Align Protein Sequences Using HMMER3 Aligner
The aligner tool main page can be found at http://fungene.cme.msu.edu/FunGenePipeline/aligner/form.spr
The FunGene Pipeline uses HMMER3 (http://hmmer.janelia.org) for protein sequence alignments. HMMER3 has a more accurate scoring system than older alignment and search tools such as BLAST with little to no extra computational cost. HMMER3 makes use of profile HMMs or individual models for genes that store information about how conserved each position is and which amino acids are common in that position.
RDP currently maintains models for about twenty genes. Models are built using a set of seed sequences obtained from trusted sources. This initial set of seed sequences is aligned by some other method such as Clustal and then this alignment is fed into HMMER3 to build an initial model. This model is then refined by repeatedly aligning the seed sequences to the HMM model and then rebuilding the model based on the new alignment. This is repeated until the model parameters stop changing and the model is stable
If you want to use the HMMER3 aligner for a gene other than those already in the database you will need a set of confirmed sequences for your gene of interest. Contact RDP at email@example.com to send us your sequences and we will build a model and make it available for use online.
If your sequence reads do not cover the complete amplicon or same gene region, or the quality drops at the distal end, you need to trim the reads to cover the identical gene region before continuing downstream analysis (such as clustering). To determine the best trimming position might be difficult, feel free to contact RDP staff for help.

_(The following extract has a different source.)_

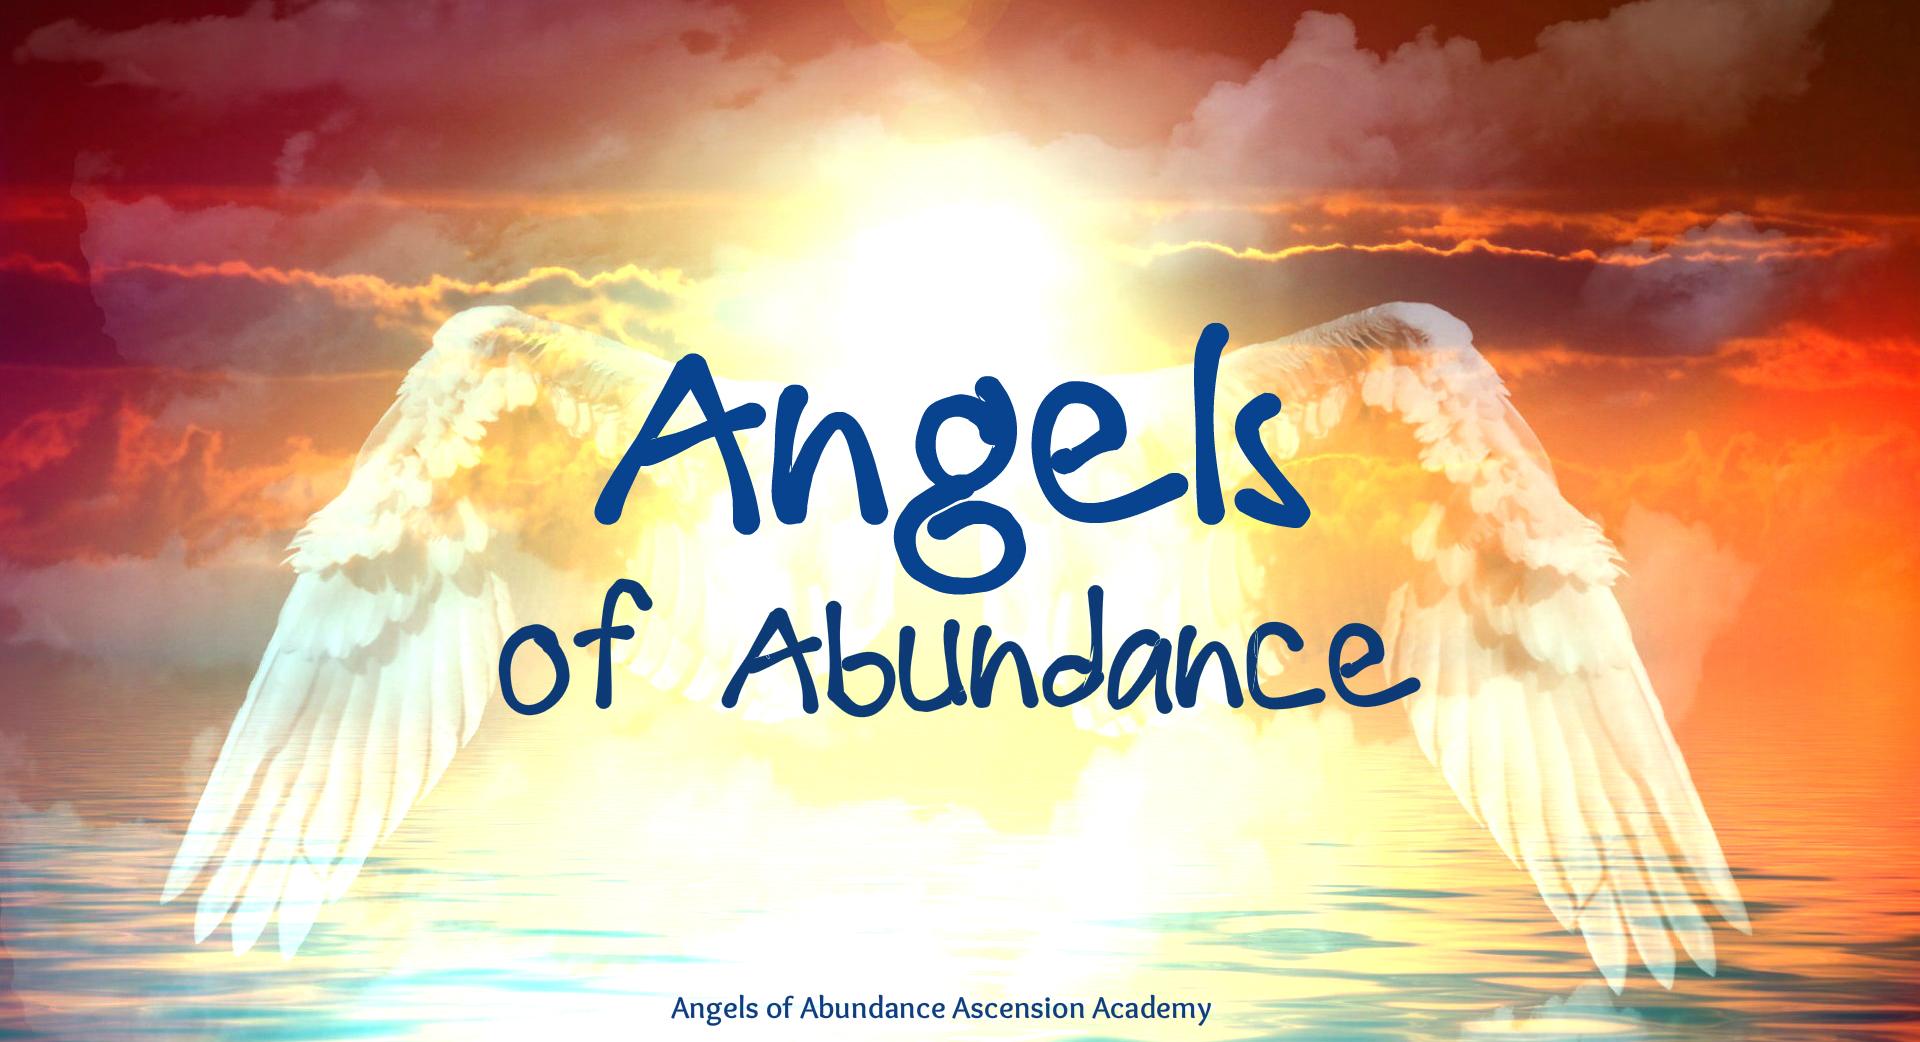 Angels of Abundance new

To align the sample input files, upload the files and then select "nifh" from the gene name drop down box and click Align. An email will be sent to the email address you provide when the process finishes. You can either let the result to be automatically downloaded from your browser, or follow the link in the email.

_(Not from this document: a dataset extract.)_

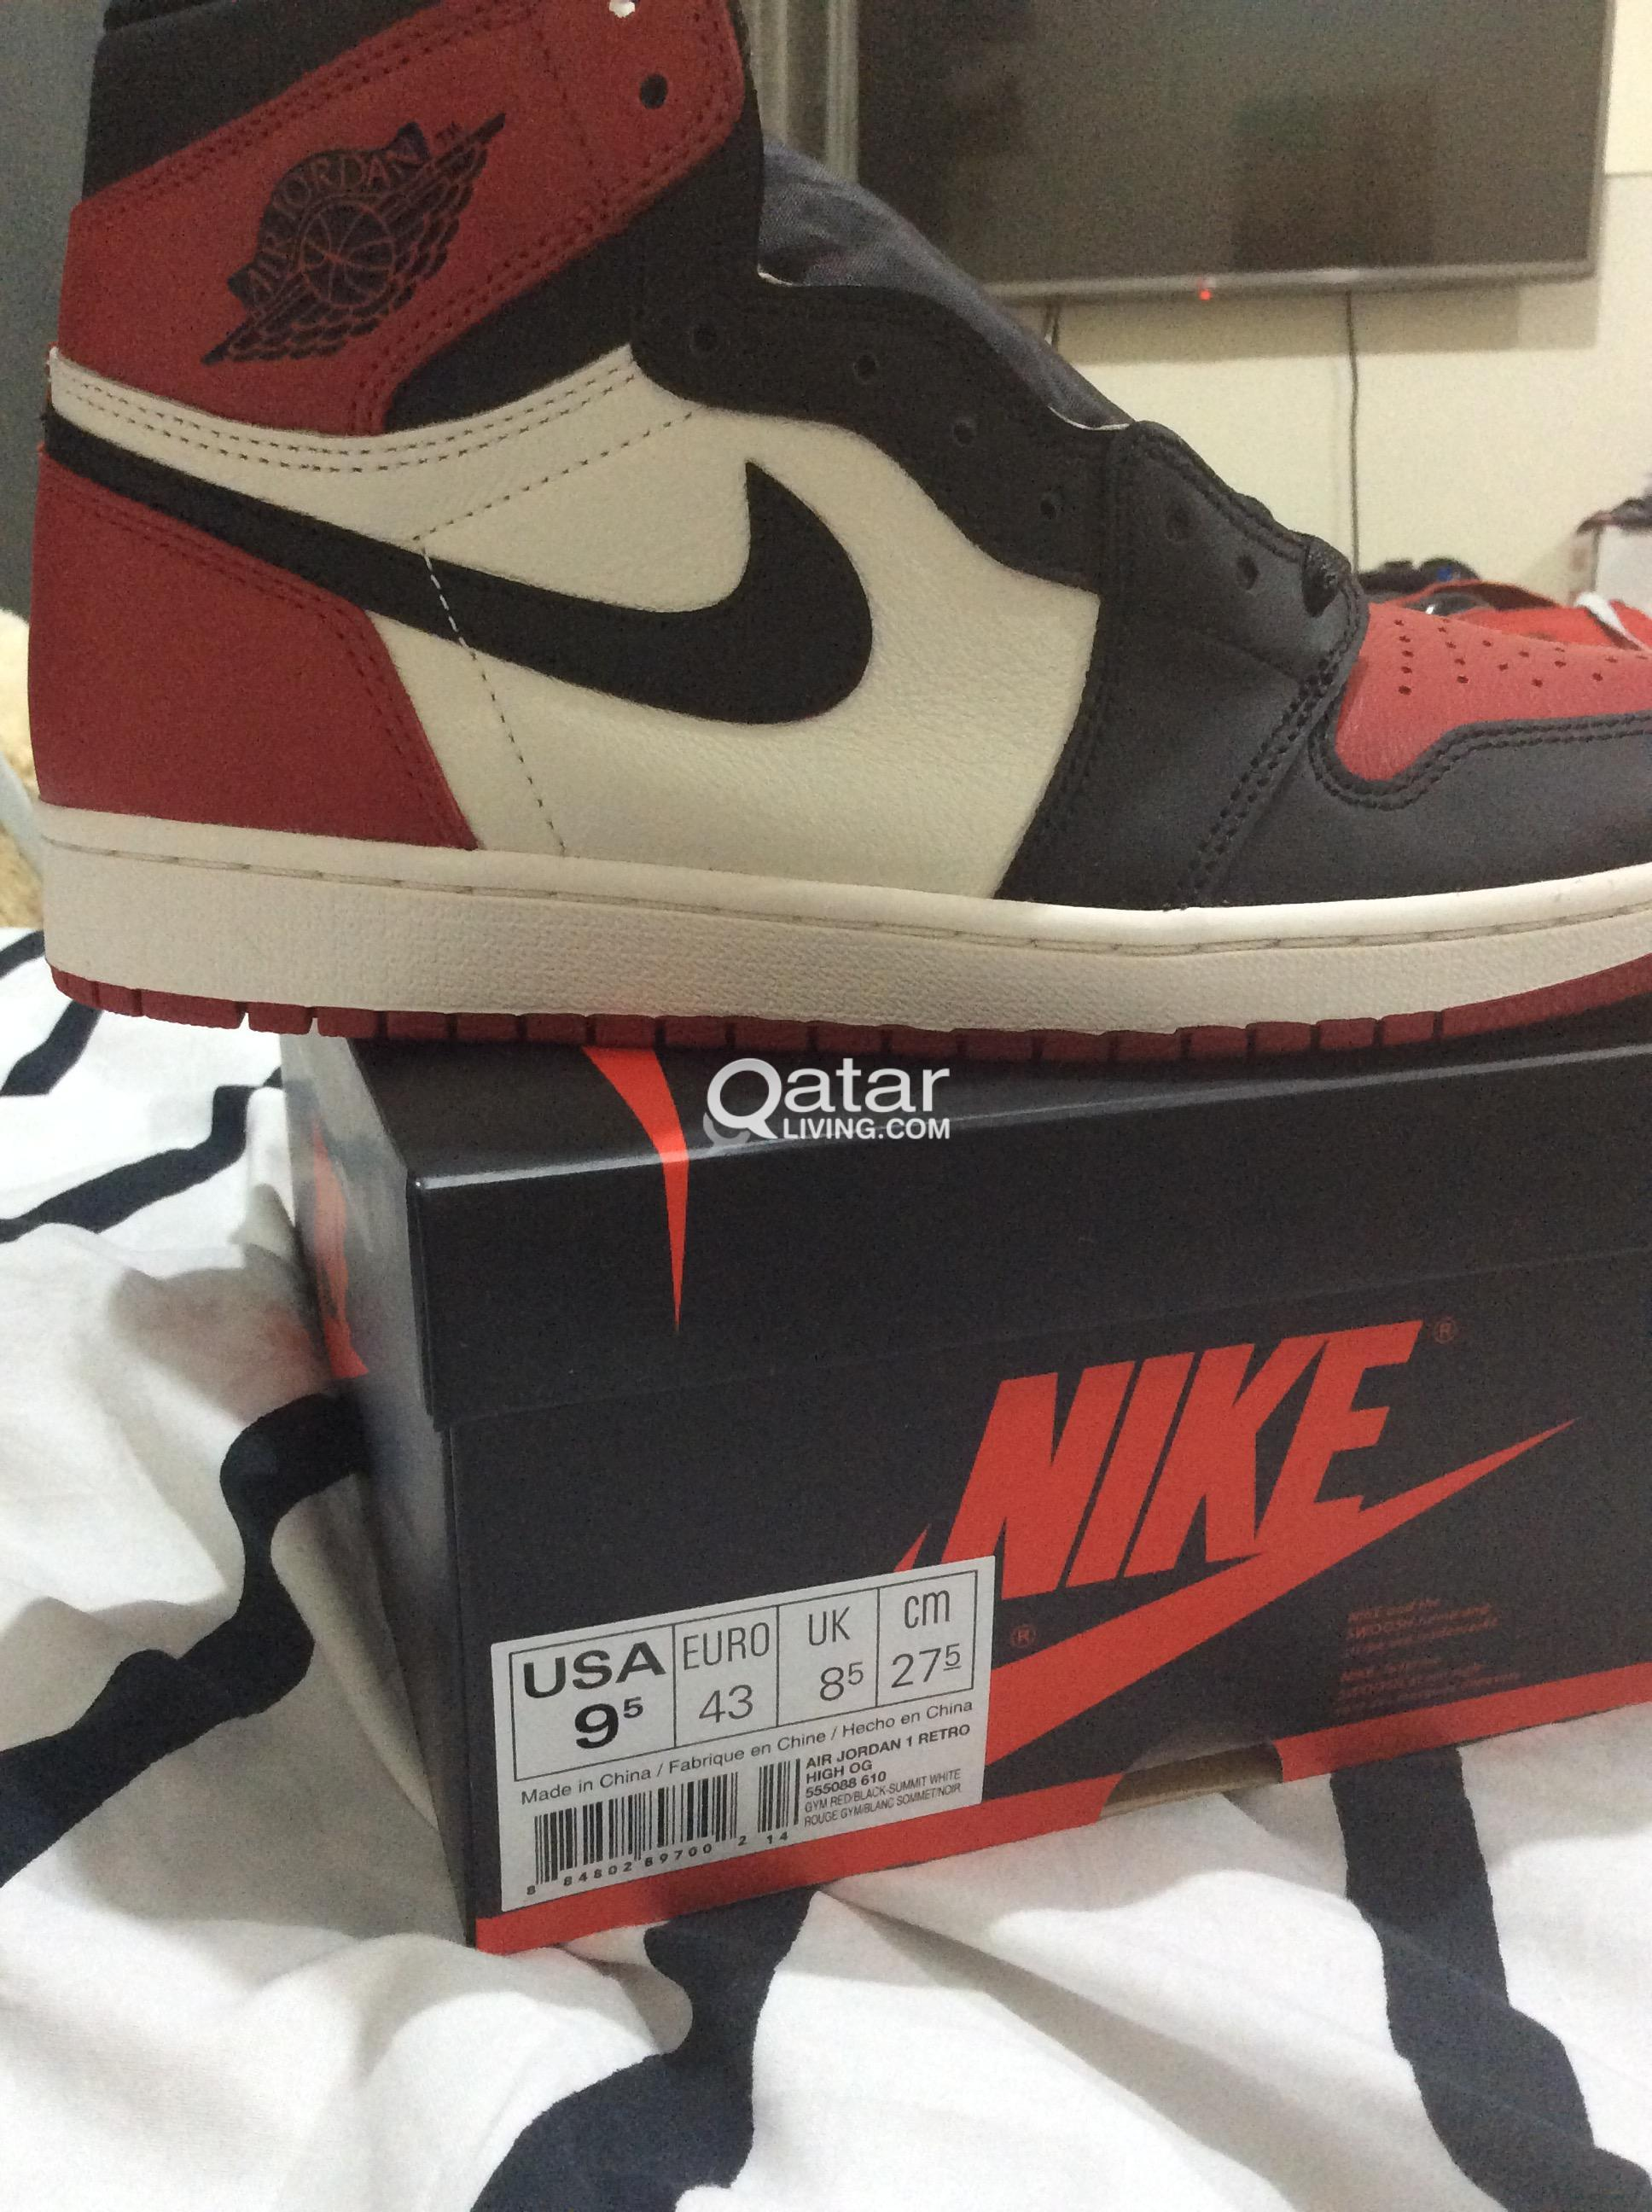 newest 21dd3 55934 Nike Air Jordan 1 Retro High Og Bred Toe- SOLD   Qatar Living

When sequences are submitted to the aligner they are first dereplicated. The dereplication creates three files which are seen in the top of the results directory. (all_seqs_derep.fasta, all_seqs.ids and all_seqs.samples). The sample and id file are used for mapping the dereplicated sequences to the original sequences when expanding the sequences after alignment. The results folder contains a folder called "alignment" that contains a dereplicated and aligned sequence only.
Finally, the expanded_mappings folder contains all of the sequences in the aligned (*_prot_corr.fasta).